Collected data section start
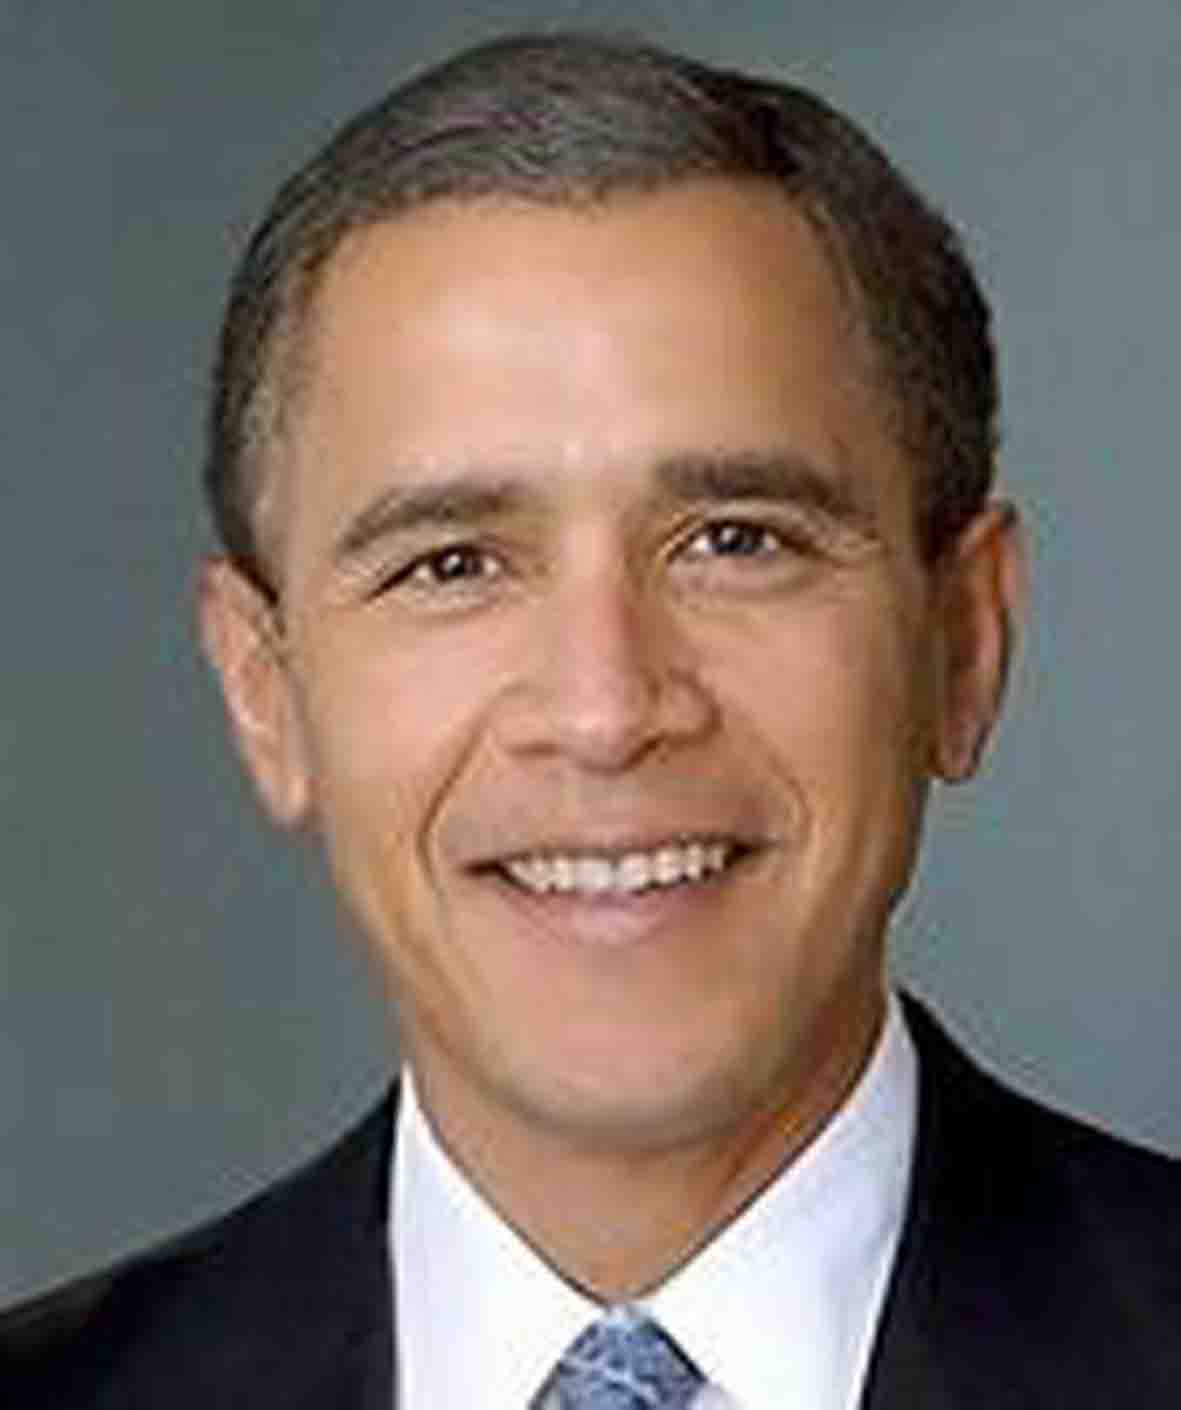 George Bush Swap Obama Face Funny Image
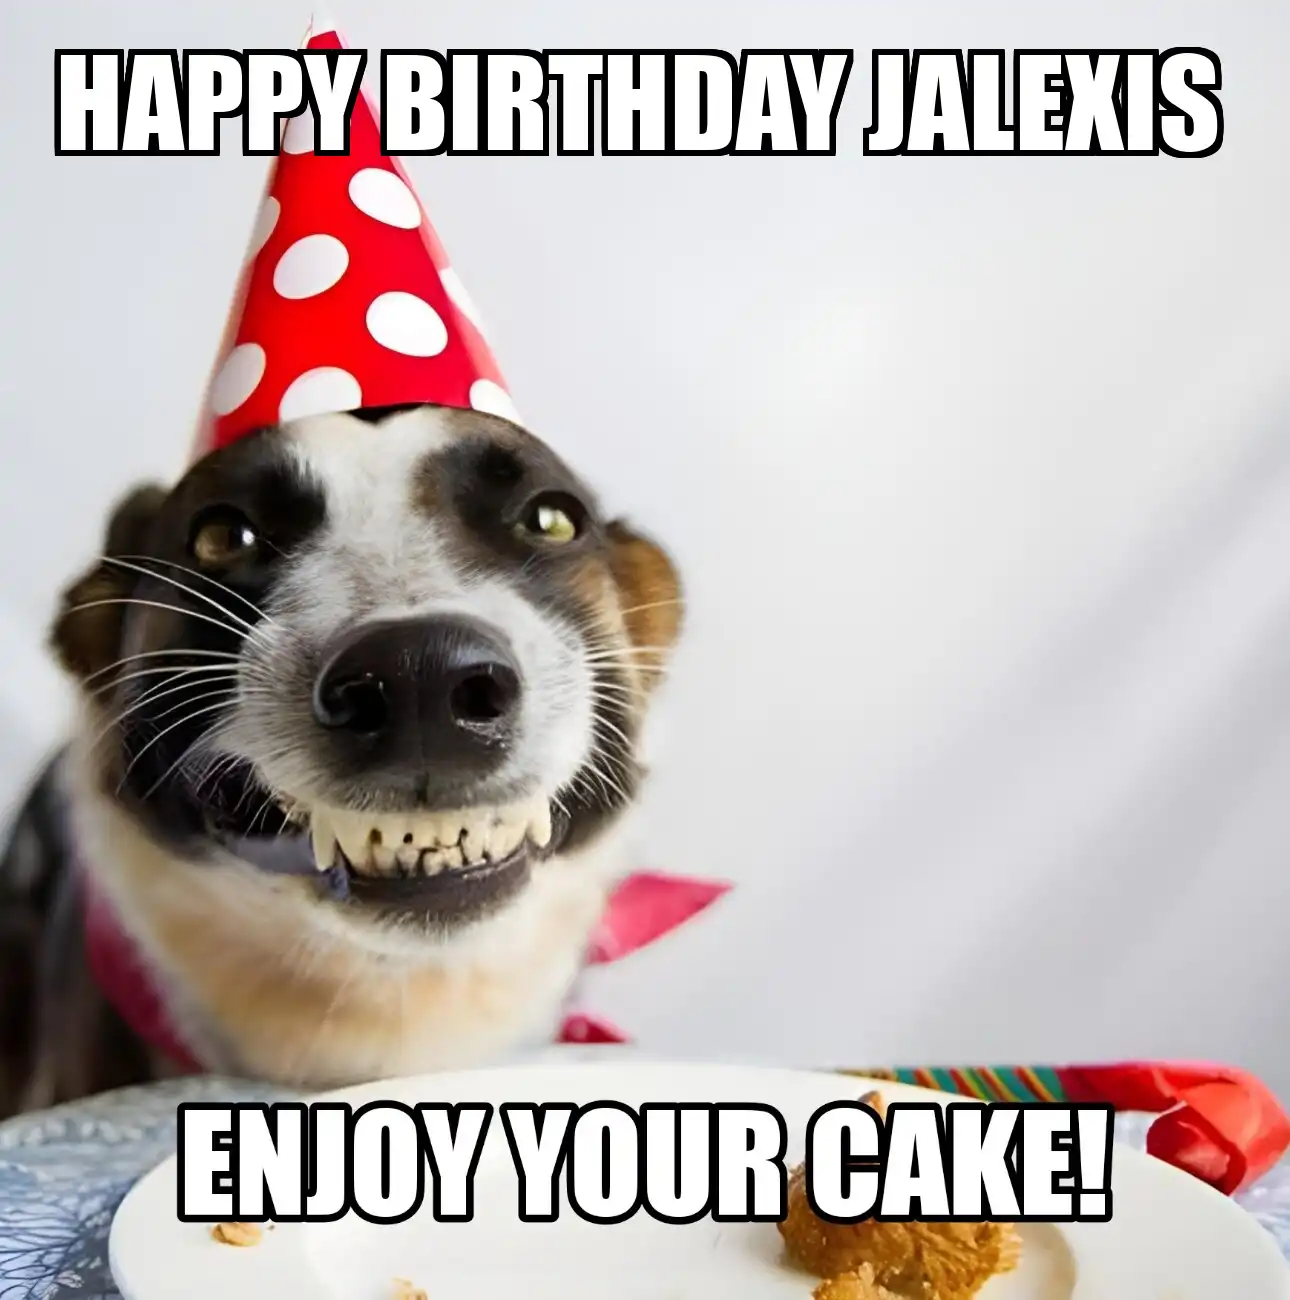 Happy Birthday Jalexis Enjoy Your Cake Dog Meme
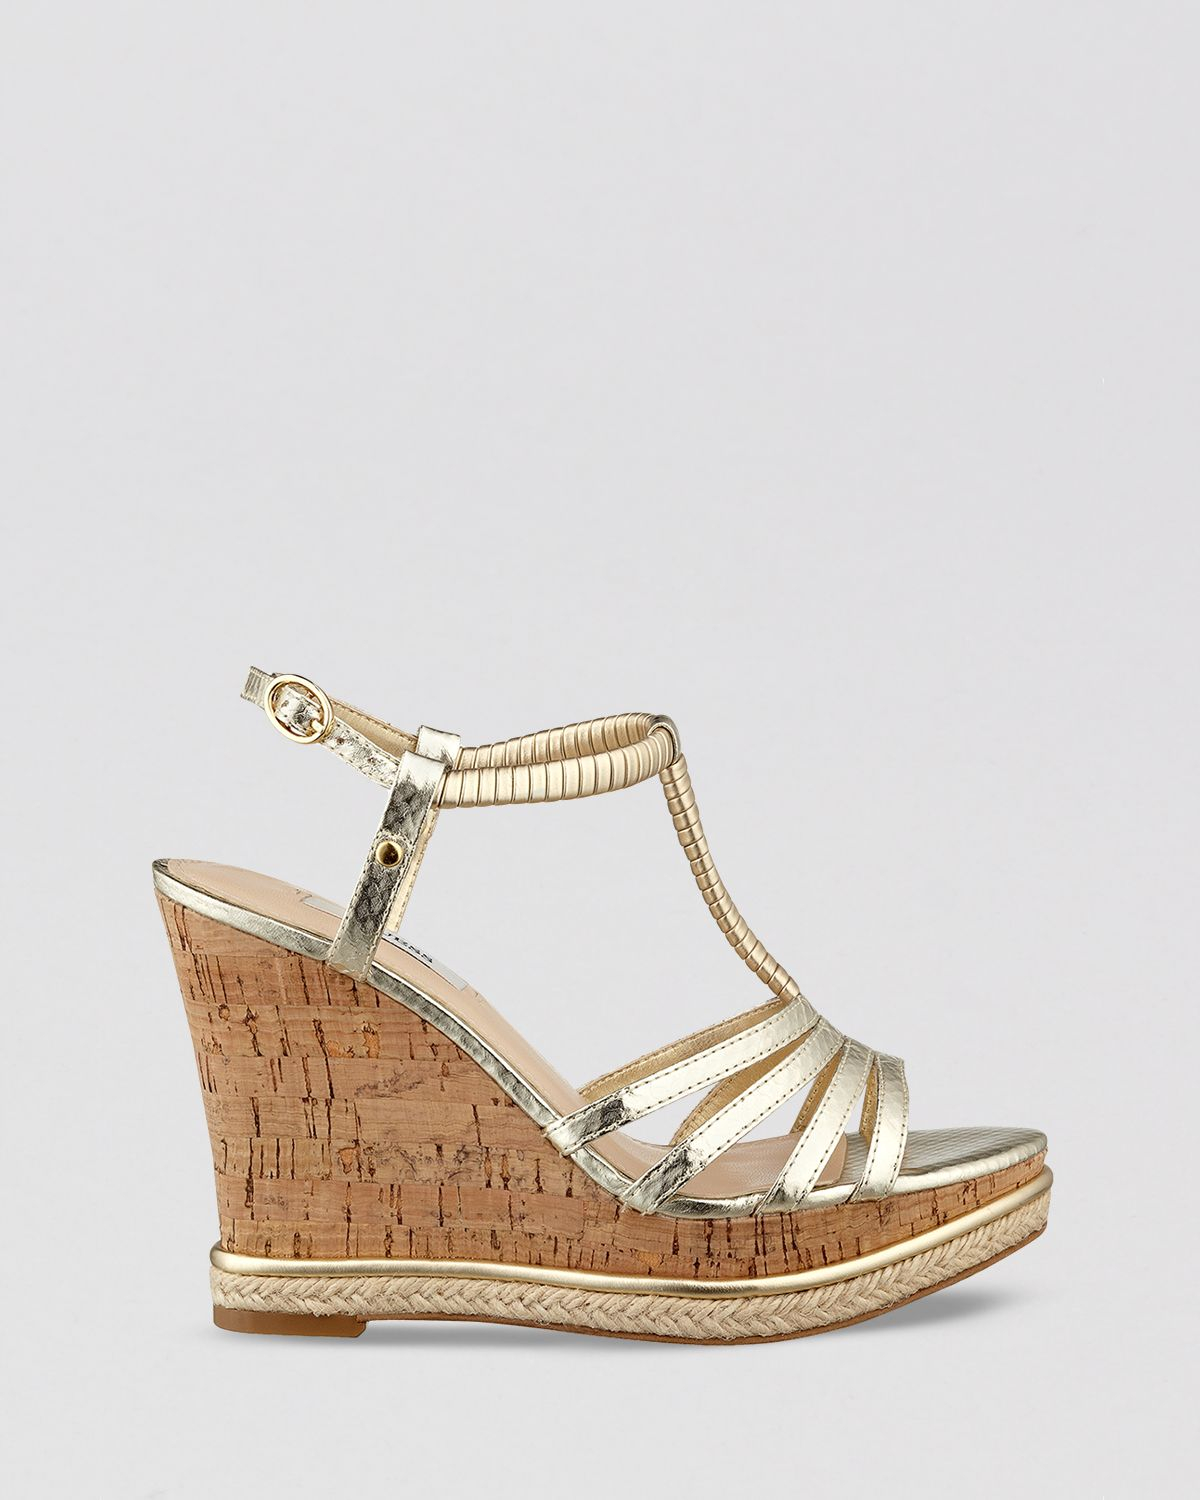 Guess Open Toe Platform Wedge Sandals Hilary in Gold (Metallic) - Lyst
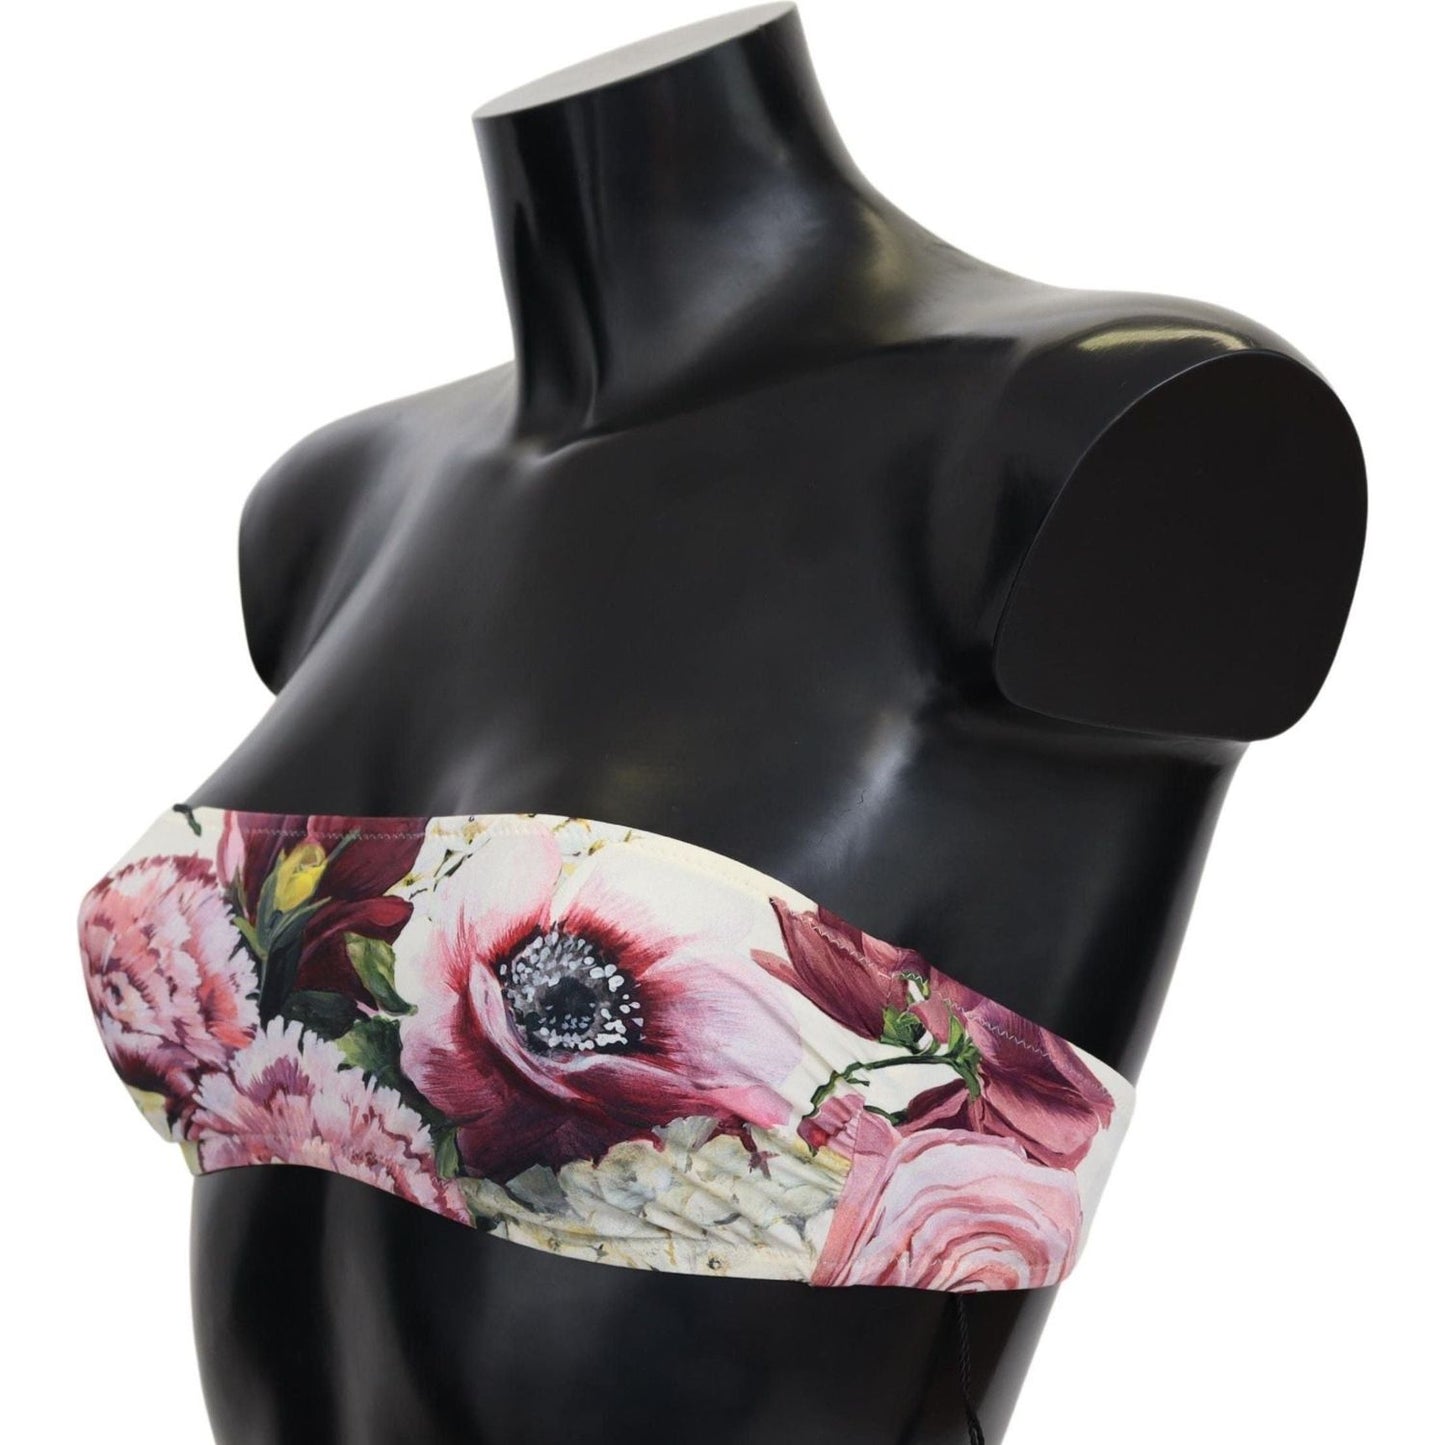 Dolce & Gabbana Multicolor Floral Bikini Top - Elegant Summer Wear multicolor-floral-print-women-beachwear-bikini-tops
Collected data section end
#### What is needed
I'd like the material above repeated exactly, with the pictures omitted.

#### Exercise answer
 George Bush Swap Obama Face Funny Image
 Happy Birthday Jalexis Enjoy Your Cake Dog Meme
 Guess Open Toe Platform Wedge Sandals Hilary in Gold (Metallic) - Lyst
 Dolce & Gabbana Multicolor Floral Bikini Top - Elegant Summer Wear multicolor-floral-print-women-beachwear-bikini-tops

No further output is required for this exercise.